AMC launches its newest unscripted series, The Pitch, with a sneak preview of the premiere episode, featuring SUBWAY® restaurants, on Sun., Apr. 8 at 11/10c following the award-winning series Mad Men and The Killing. The eight-part unscripted series will then return on Monday, Apr. 30 with a new episode featuring Waste Management at 9/8c, followed by an encore showing of the premiere in its regular time slot at 10/9c. The Pitch SUBWAY® restaurants episode will also be available on AMCTV.com, iTunes and YouTube following its sneak peek.

Executive produced by Eli Holzman, Stephen Lambert, Phil Lott, Brien Meagher and Aaron Saidman from Studio Lambert (Undercover Boss, Project Runway), The Pitch chronicles the incredible lengths, intense stakes and tight deadlines top advertising agencies encounter when they take aim at a major new piece of business. The series follows the best creative shops as they prepare campaigns knowing that in the end, it all comes down to the pitch. Real competition, major stakes and an incredible ticking clock are all elements of this docu-style series.

"The Pitch was born out of a desire to look for non-fiction series that present characters and story in a grounded and authentic way, and take us into inherently dramatic worlds that have yet to be explored," said Joel Stillerman, Executive Vice President of Original Programming for AMC. "Advertising is really the idea business, but with incredibly high stakes; and Studio Lambert has captured, in a very feature doc style, just how hard it is to come up with a great idea, only to walk into a room and have it all ride on The Pitch."

"Stephen and I are thrilled to have The Pitch join the roster of exceptional series on AMC," said Holzman. "The competition to win new business in advertising is incredibly intense and our goal is to provide audiences with a behind-the-scenes look at the compelling and dramatic pitch process. With encouragement from AMC, we fielded one of the finest filmmaking teams we have ever assembled to give this series a unique look and style. It is one of our proudest achievements."

Brands featured in The Pitch include

SUBWAY restaurants
Waste Management
C. Wonder
One Hour Heating & Air Conditioning
Benjamin Franklin Plumbing
Mister Sparky
Frangelico/Campari America
JDRF
Autograph Collection
popchips.

Competing for their business are agencies including The Ad Store, Bandujo, BooneOakley, Bozell, Conversation, DIGO, FKM, Jones Advertising, Kovel/Fuller, McKinney, Muse Communications, SK+G, The Hive, WDCW and WOMENK!ND.

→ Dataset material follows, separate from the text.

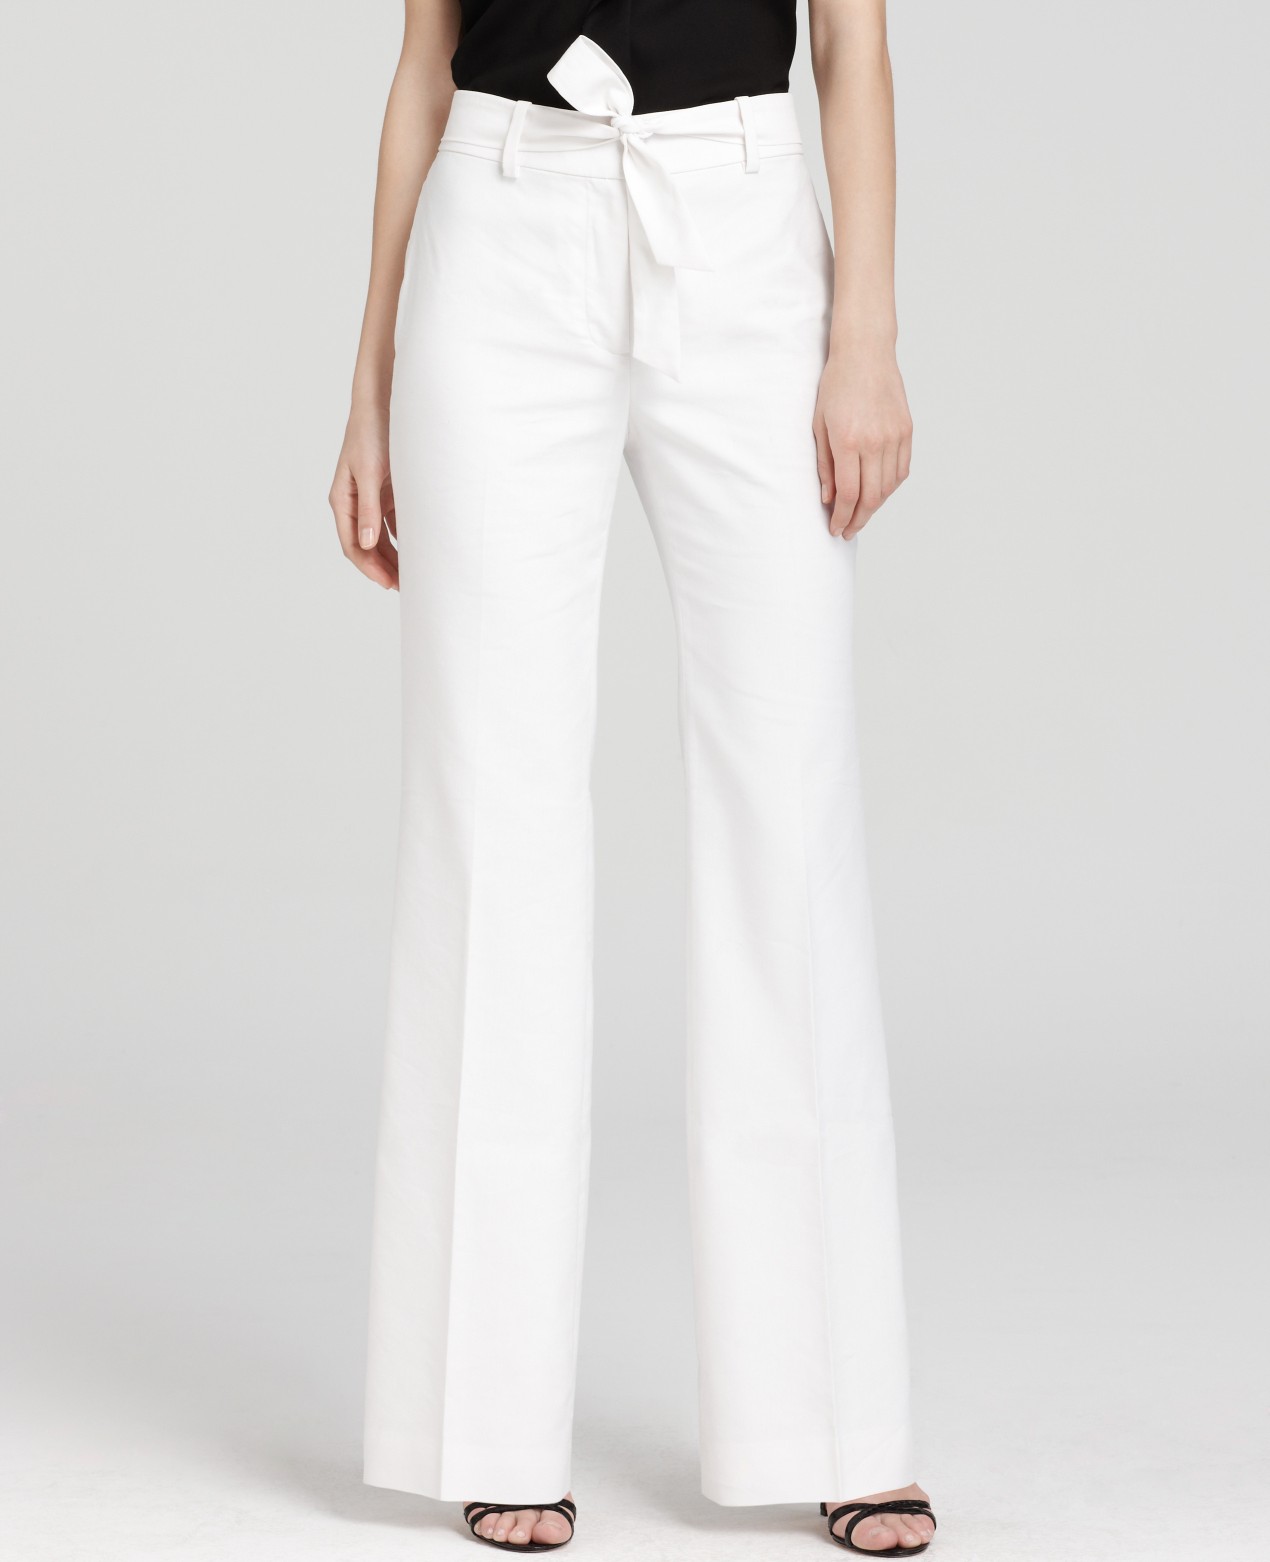 Lyst - Ann Taylor Tall Stretch Linen Twill Wide Leg Pants with Sash in ...
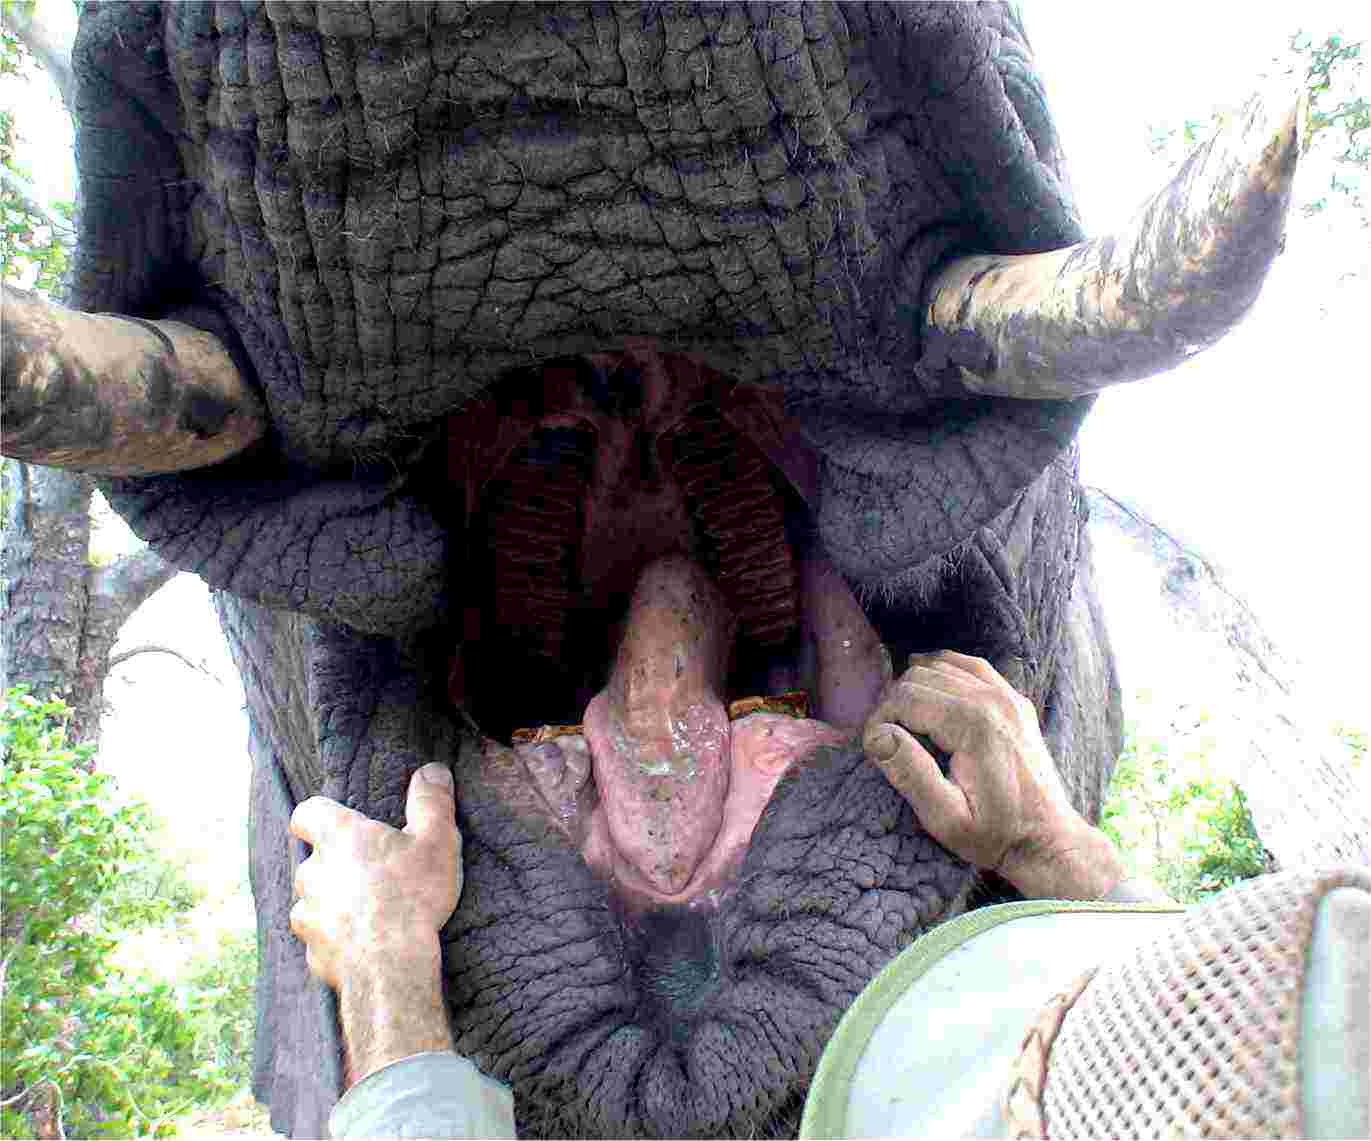 A look inside an elephant's mouth.  Photo by FG.

Complementing The Pitch will be a host of online activities and extra video scenes at AMCTV.com. Users will also be able to vote in polls related to the show's content, read blog posts including exclusive cast interviews, and check out episode sneak peeks, extra/extended scenes and photo galleries and participate in a series talk forum.
 
I'll watch it. But mostly because I work in the industry.
 
Yessssss! I'm an Advertising/PR major and I've been waiting for a show like this for FOREVER!
 
I will.

I was a proud participant in The Pitch, but event if I weren't I'd be watching this series. I can tell you from experience, the producers were top notch and did nothing to alter or enhance what the viewer will see. Can't wait to see how the series does. I'm betting the bigger shops who turned this down will want a piece of this action.

jerrystoner.com
 
People do realize that Mad Men is good because it explores institutionalized racism and sexism and follows the lives of people who've failed to live up to their expectations of themselves despite being "successful" by conventional terms and find themselves emotionally empty and grasping for meaning in arbitrary social constructs, not because it's about ad executives, right?
 
People do realize that Mad Men is good because it explores institutionalized racism and sexism and follows the lives of people who've failed to live up to their expectations of themselves despite being "successful" by conventional terms and find themselves emotionally empty and grasping for meaning in arbitrary social constructs, not because it's about ad executives, right?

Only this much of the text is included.